Resumen ejecutivo
La Reserva Federal de EE. UU. ha ejecutado un recorte de tasas de interés de 25 puntos básicos, reduciendo el rango objetivo de los fondos federales a 3,50 %-3,75 %. La medida, articulada por el presidente de la Fed de Nueva York, John Williams, señala un giro político significativo de la restricción de la inflación al apoyo de un mercado laboral en enfriamiento. Esta decisión fue respaldada además por un giro sorprendentemente moderado de la presidenta de la Fed de Boston, Susan Collins. Los participantes del mercado han interpretado la acción como un cambio definitivo en la estrategia del banco central, y los mercados de futuros ahora valoran reducciones de tasas adicionales a principios de 2026. El comentario revela un debate interno, con el gobernador Stephen Miran abogando por una flexibilización más agresiva basada en un análisis que sugiere que las métricas de inflación actuales están sobreestimadas.
El evento en detalle
La decisión del Comité Federal de Mercado Abierto (FOMC) reduce la tasa de referencia en un cuarto de punto porcentual. En un discurso posterior al anuncio, John Williams confirmó su apoyo al recorte, afirmando que "la política monetaria está bien posicionada a medida que nos adentramos en 2026". Justificó la medida señalando que "los riesgos a la baja para el empleo han aumentado a medida que el mercado laboral se ha enfriado, mientras que los riesgos al alza para la inflación han disminuido un poco".
Según Williams, la perspectiva de la Fed proyecta un crecimiento del PIB real de aproximadamente el 2,25 % en 2026, con la tasa de desempleo disminuyendo gradualmente después de un aumento a corto plazo al 4,5 %. Su pronóstico prevé que la inflación se moderará a poco menos del 2,5 % el próximo año antes de alcanzar el objetivo del 2 % en 2027.
Implicaciones para el mercado
Los mercados financieros han adoptado un régimen de "lo malo es bueno", viendo los signos de debilidad económica como alcistas para las acciones al reforzar el argumento a favor de una mayor flexibilización monetaria. Tras el anuncio de la Fed y los comentarios posteriores, los inversores están valorando una alta probabilidad de otro recorte de tasas en la reunión de política de enero, con un 26 % de posibilidades de una reducción más agresiva de 50 puntos básicos, según la herramienta CME FedWatch. La narrativa del mercado ahora se centra intensamente en los próximos datos económicos, particularmente los informes de empleo e inflación de noviembre retrasados, para validar las expectativas de una trayectoria moderada sostenida.
Comentarios de expertos
Los comentarios internos de los funcionarios de la Fed revelan un consenso cada vez mayor a favor de una postura más acomodaticia. La presidenta de la Fed de Boston, Susan Collins, describió su apoyo al recorte como una "decisión difícil", un cambio notable con respecto a su postura anteriormente más agresiva, lo que indica que "el equilibrio de riesgos había cambiado un poco".

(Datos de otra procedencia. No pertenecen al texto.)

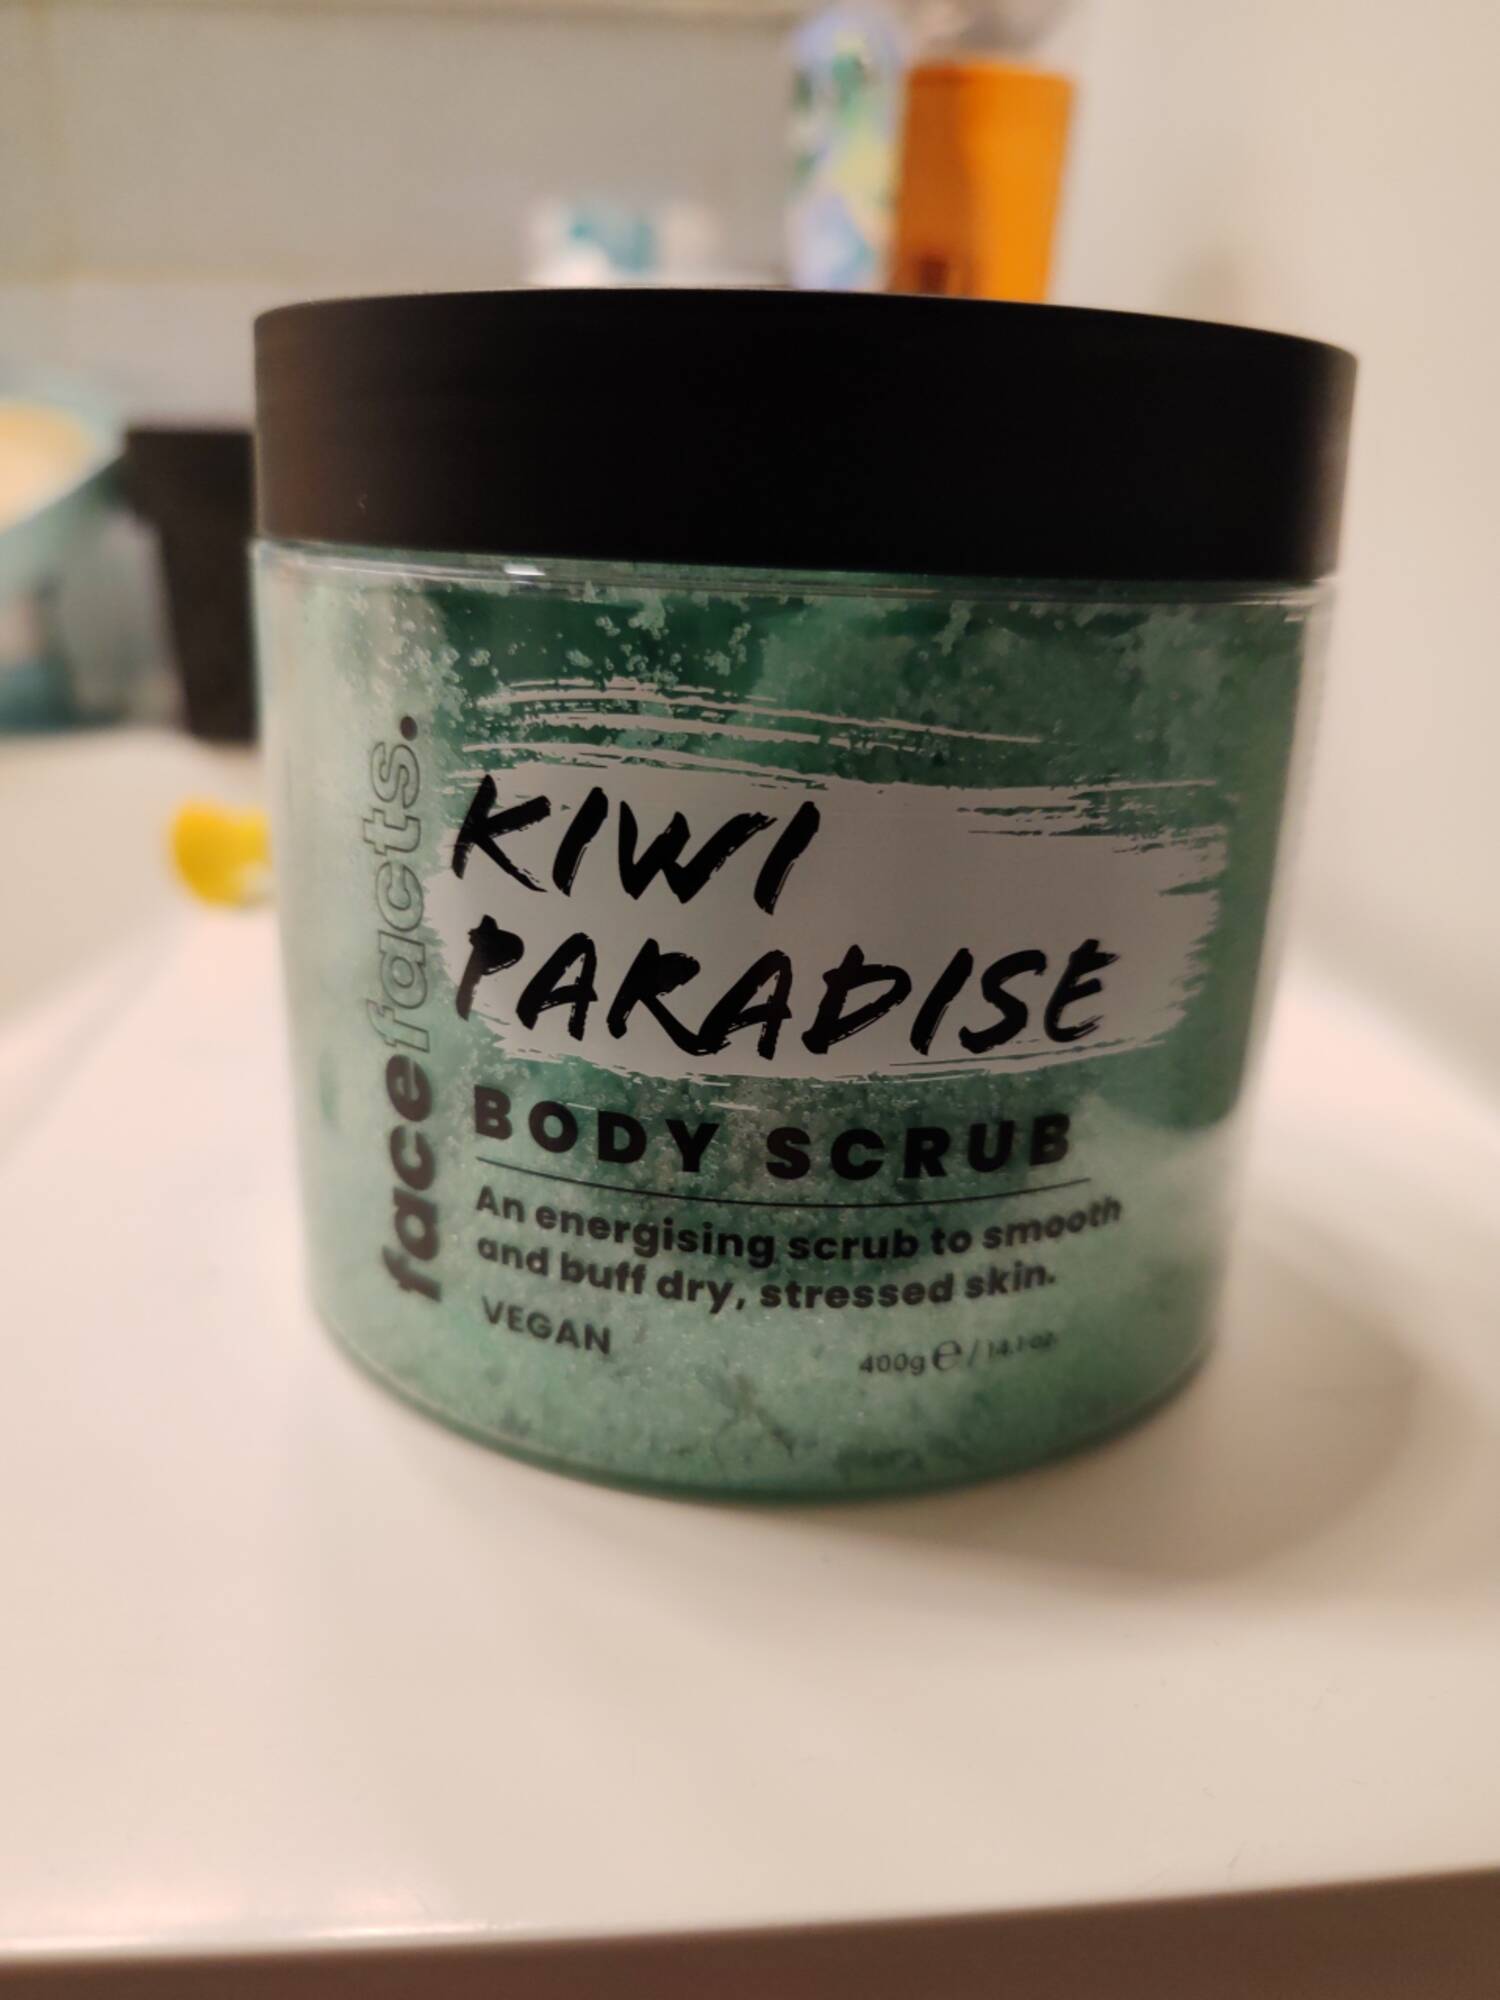 FACE FACTS - Kiwi paradise - Body scrub

Más concretamente, el gobernador de la Fed, Stephen Miran, presentó un caso detallado de por qué la inflación subyacente es más débil de lo que sugieren las cifras principales. Argumentó que el índice de precios de Gastos de Consumo Personal (PCE) está distorsionado por los datos de vivienda rezagados y los precios imputados y no mercantiles, como las tarifas de gestión de carteras. Miran afirmó: "la inflación subyacente básica excluyendo la vivienda, basada en el mercado, está por debajo del 2,3 por ciento, dentro del rango de nuestro objetivo". Advirtió que "mantener una política innecesariamente restrictiva" basándose en estos artefactos de medición podría conducir a pérdidas de empleo innecesarias.
Por el contrario, el economista jefe de Moody’s, Mark Zandi, ofreció una perspectiva más cautelosa, pronosticando que los próximos datos mostrarán que "el mercado laboral está luchando y que la inflación es incómodamente alta".
Contexto más amplio
El recorte de tasas de la Fed marca un giro estratégico para priorizar su mandato de máximo empleo, incluso cuando la inflación general permanece por encima del objetivo del 2 %. Este cambio de política ocurre mientras los mercados esperan una avalancha de datos económicos retrasados por un reciente cierre del gobierno, creando un período de mayor incertidumbre. El debate sobre el impacto de los aranceles en la inflación también continúa; tanto Williams como Miran han sugerido públicamente que sus efectos probablemente sean transitorios o mínimos, una opinión que contrasta con algunas narrativas del mercado, pero que parece estar informando la voluntad de la Fed de flexibilizar la política.